Si no has recibido el amor ;.... créalo y luego distribúyelo.  Serás así Verdadero Hijo de Dios.


Jonás ,.  Marzo 2026



viernes, 6 de marzo de 2026

EXAMEN DE CONCIENCIA

 EXAMEN DE CONCIENCIA.-


Al igual que es necesario para cada persona el examinar su propio cuerpo para observar cualquier anomalía, utilizando todos sus sentidos, también ocurre lo mismo en el cuidado que hemos de tener con nuestra alma usando su memoria, inteligencia y voluntad con análogo propósito: el mantener su vida y su salud en grado óptimo.

Existen personas que intranquilos por la higiene se lavan las manos continuamente de manera compulsiva, otros, por el contrario nunca lo hacen y portan continuamente la  mugre.  En el campo espiritual los primeros se atormentan a sí mismos como víctimas de conciencia escrupulosa y los segundos castigan a los demás cual delincuentes por su conciencia laxa.

Para poseer una conciencia recta es necesario tener muy claras la naturaleza y categorías de lo que denominamos "pecado".

Denominamos pecado a toda desobediencia de la Ley que Dios ha escrito en nuestra conciencia natural y nos ha dado con toda claridad en su Tabla de 10 Mandamientos., para así poder gozar de nuestro bien temporal y eterno.

El pecado puede ser por una falta de materia pequeña, mediana y grave. Las dos primeras se denominan pecados veniales y la tercera pecados graves o mortales.

Para cometer un pecado Mortal son necesarias tres condiciones indispensables : 

1.- Materia grave.-

2.-Plena libertad en la realización de dicho acto.

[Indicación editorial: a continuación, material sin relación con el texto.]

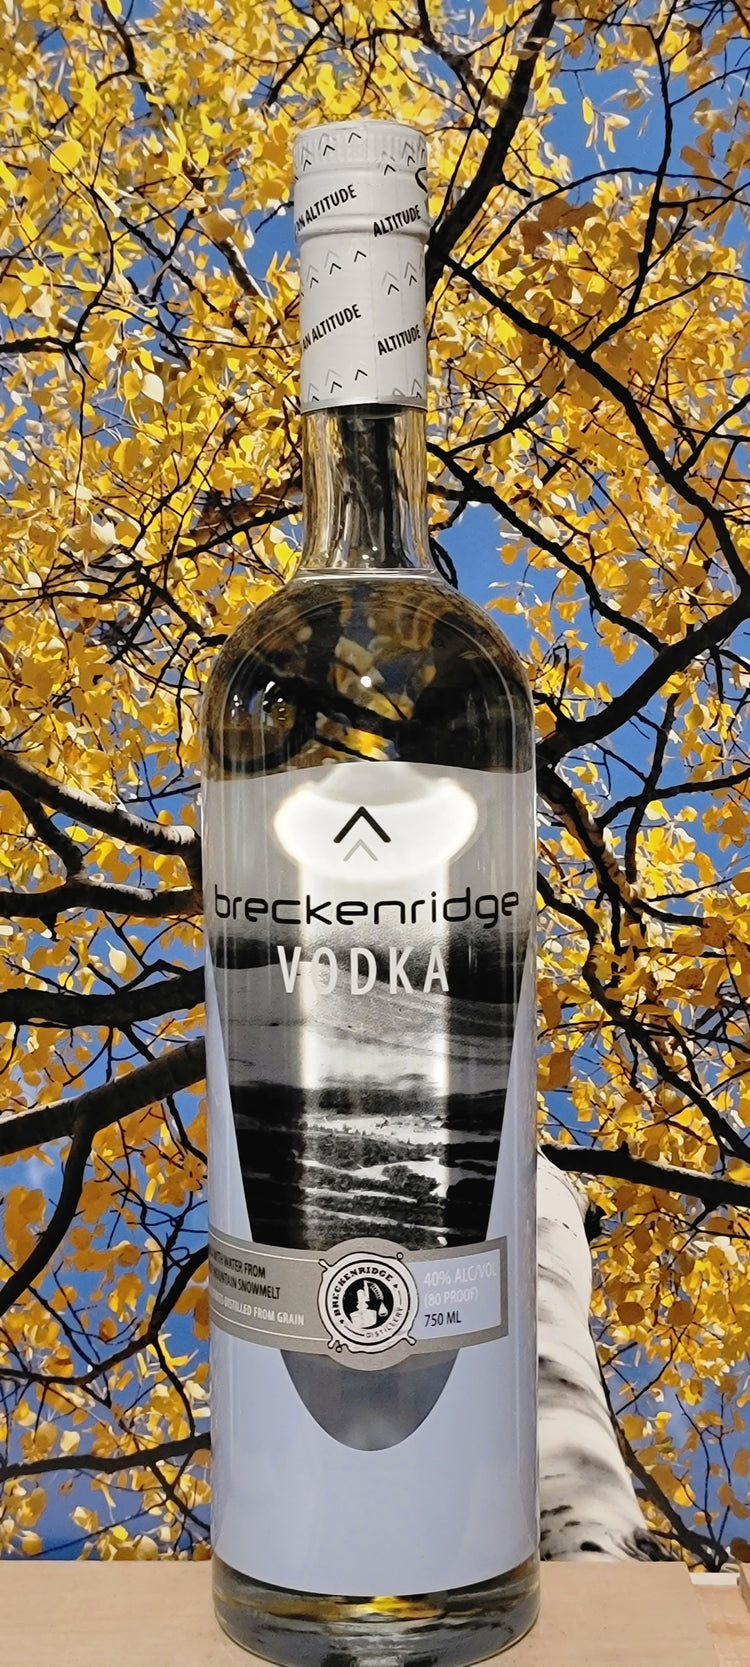 Breckenridge vodka

3.-Pleno conocimiento de que es una ofensa grave a nuestro Señor que nos ha amado hasta el extremo al crearnos, al enseñarnos y al sacrificarse por nuestro bien, llegando a encarnarse como hombre y a dar su vida, con su pasión y muerte por cada uno de nosotros. 

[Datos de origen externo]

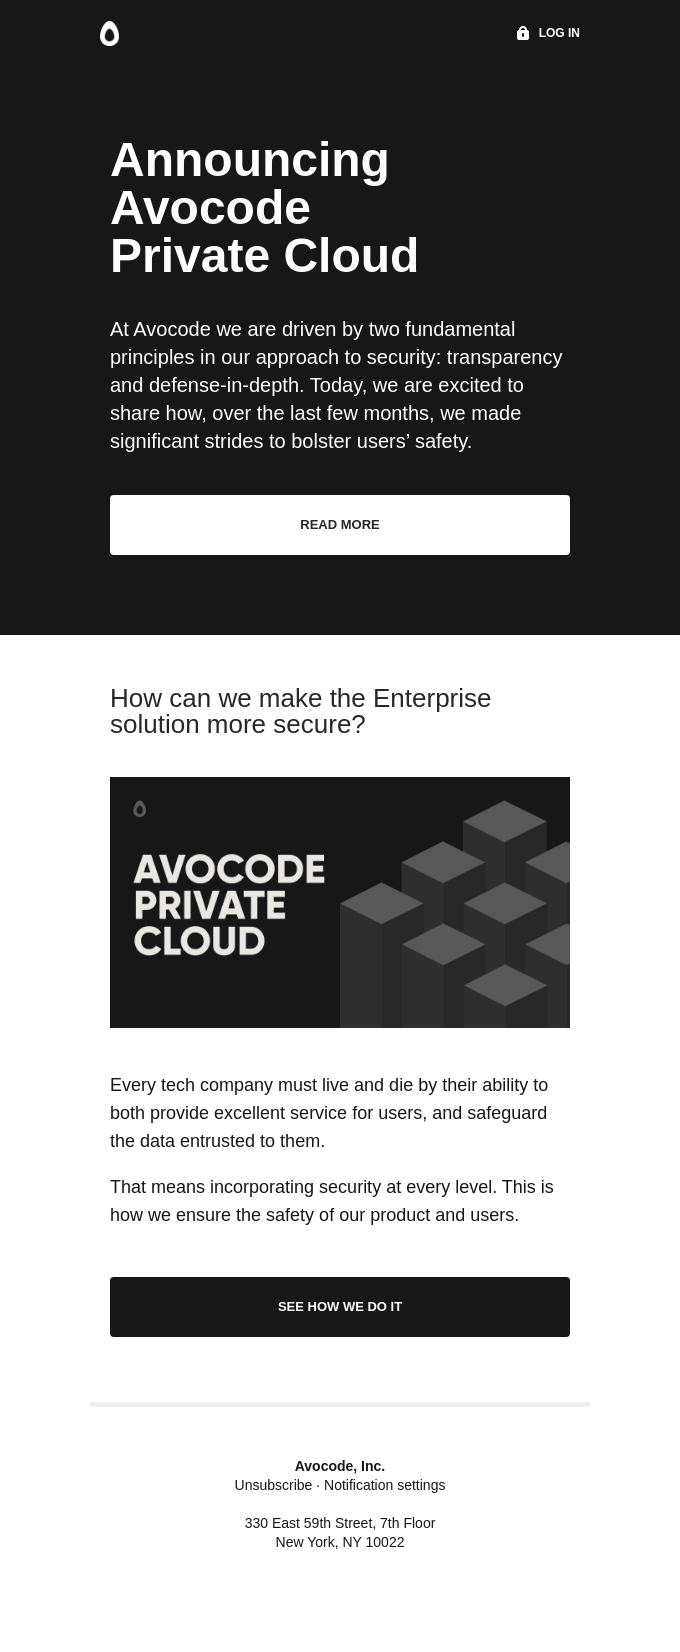 Announcing Avocode Private Cloud

Para los pecados pequeños basta el arrepentimiento y la oración sincera para su perdón.

Para los pecados medianos y graves es necesaria la Confesión Sacramental, o si ésta no es posible el acto de perfecta Contrición.

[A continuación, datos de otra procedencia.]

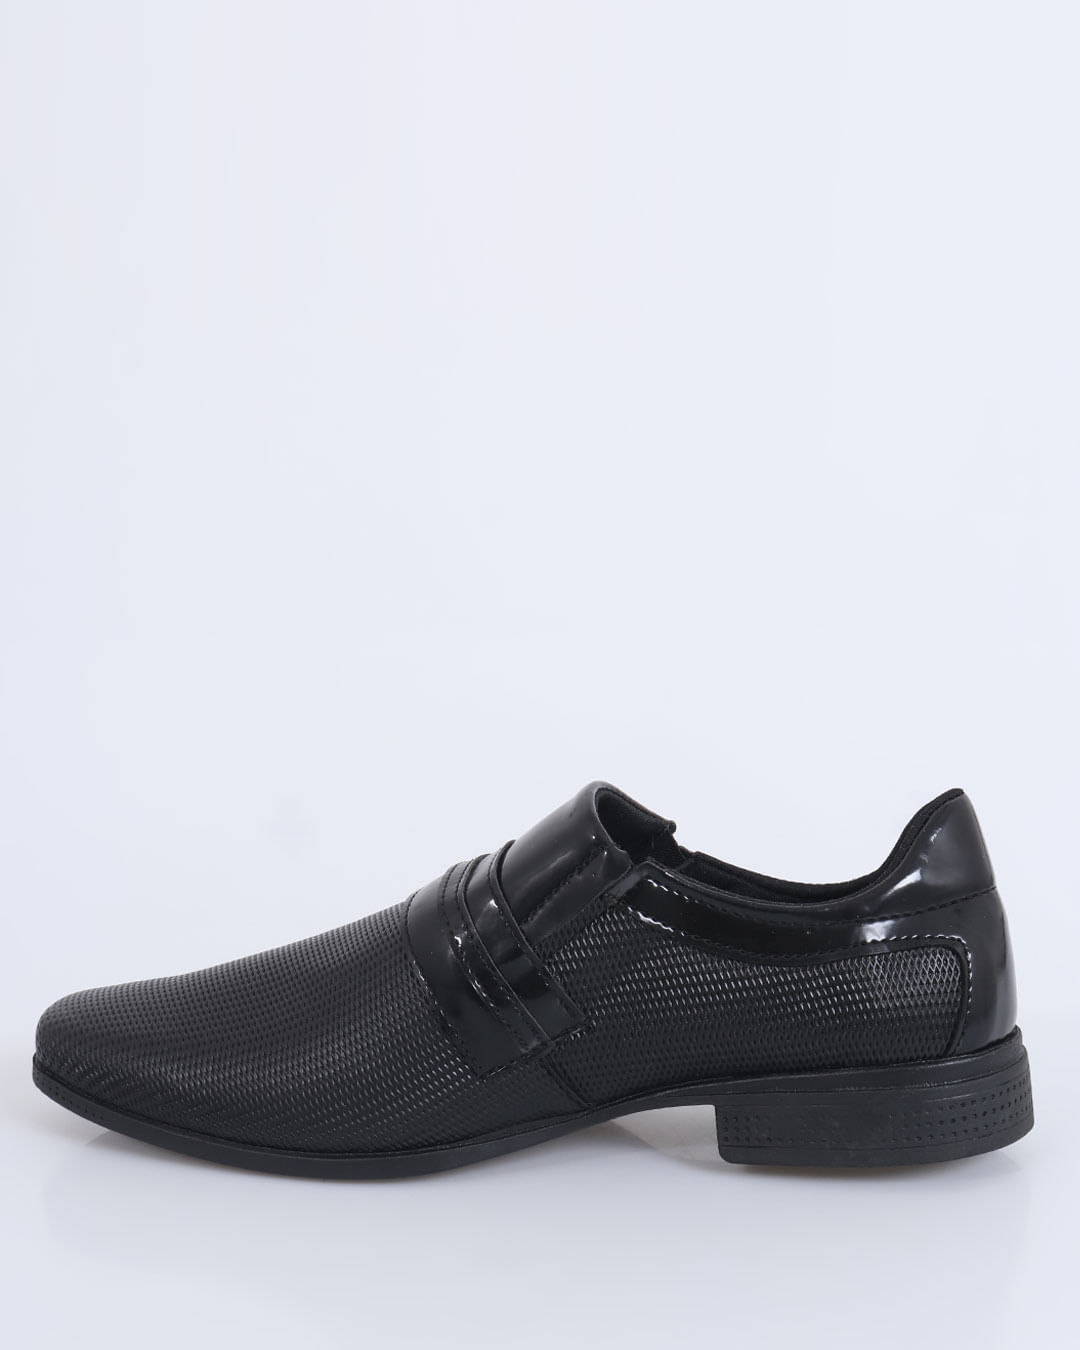 Sapato-Social-Masculino-Texturizado-Recorte-Verniz-Preto

El pecado mediano, aunque no mortal requiere, pues, de prevención sacramental, pues la naturaleza de la falta es la de continuar creciendo, favoreciendo una conciencia laxa y pudiendo llegar a hacerse pecado mortal.


No te acuestes nunca sin analizar tu conciencia y procura dejarla bien tranquila por la oración sincera.al Señor.